1. Shaanxi University of Chinese Medicine, Co-construction Collaborative Innovation Center for Chinese Medicine Resources Industrialization by Shaanxi & Education Ministry, State Key Laboratory of Research & Development of Characteristic Qin Medicine Resources (Cultivation), Xianyang 712083
2. Graduate School, Chinese Academy of Chinese Medical Sciences, Beijing 100700, China
Publication Type:Journal Article
Keywords: network pharmacology; Zizyphi Spinosae Semen; benzodiazepine dependence; molecular docking; molecular dynamics simulation
From: Journal of Xi'an Jiaotong University(Medical Sciences) 2024;45(5):828-836
CountryChina
Language:Chinese
Abstract: 【Objective】 To investigate the active ingredients of Zizyphi Spinosae Semen (ZSS) in relieving benzodiazepine (BDZ) dependence and its molecular mechanism based on the integrated Traditional Chinese Medicine and chemical drugs idea of "enhancing effect and reducing toxicity" via the approach of network pharmacology and the technique of molecular dynamics simulation. 【Methods】 First, literature search was undertaken to find the main components of ZSS. Then, the major effective constituents of ZSS in relieving BDZ dependence and its target of action were explored on the basis of network pharmacology and molecular docking.
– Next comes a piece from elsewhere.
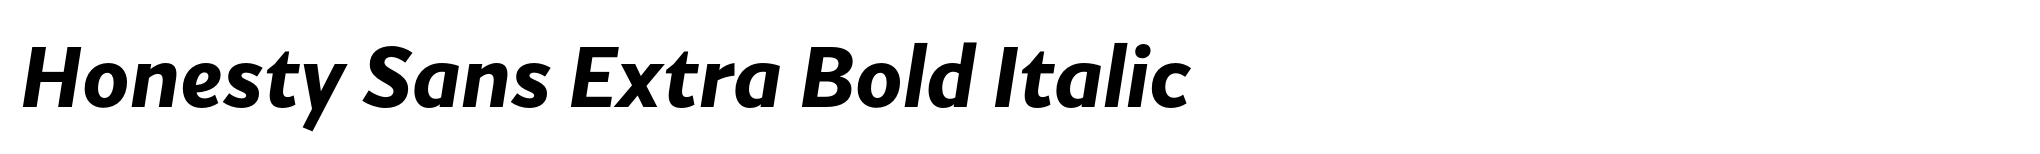 Honesty Sans Extra Bold Italic image

Finally, the relationship between core components of ZSS and key proteins was further verified through the technique of molecular dynamics simulation. 【Results】 After literature search, a total of 24 chemical components in ZSS were found to act on 731 targets. Through establishing the network of "ingredients-targets-pathways" , topology analysis was performed to obtain nine core components such as linoleic acid, palmitic acid, oleic acid, tetradecanoic acid, spinosin, oleanolic acid and jujuboside A, as well as five key targets including AR, PTGS2, PPARG, RXRA and CYP19A1. Bioinformation enrichment analysis was made to obtain critical pathways such as calcium signaling pathway, cAMP signaling pathway, IL-17 signaling pathway and TNF signaling pathway. The results of molecular docking revealed that there was a good combination between core components of ZSS and key targets, and it was mainly dominated by hydrogen bonding. Furthermore, the molecular dynamics simulation experiments indicated that the combinations between jujuboside A and RXRA, oleanolic acid and RXRA, spinosin and PPARG were stable, and these three active ingredients played an important role in improving BDZ dependence. 【Conclusion】 The active components in ZSS may exert multi-target and multi-pathway intervention effects on BDZ dependence by means of processes such as immunoregulation, anti-anxiety, and anti-insomnia.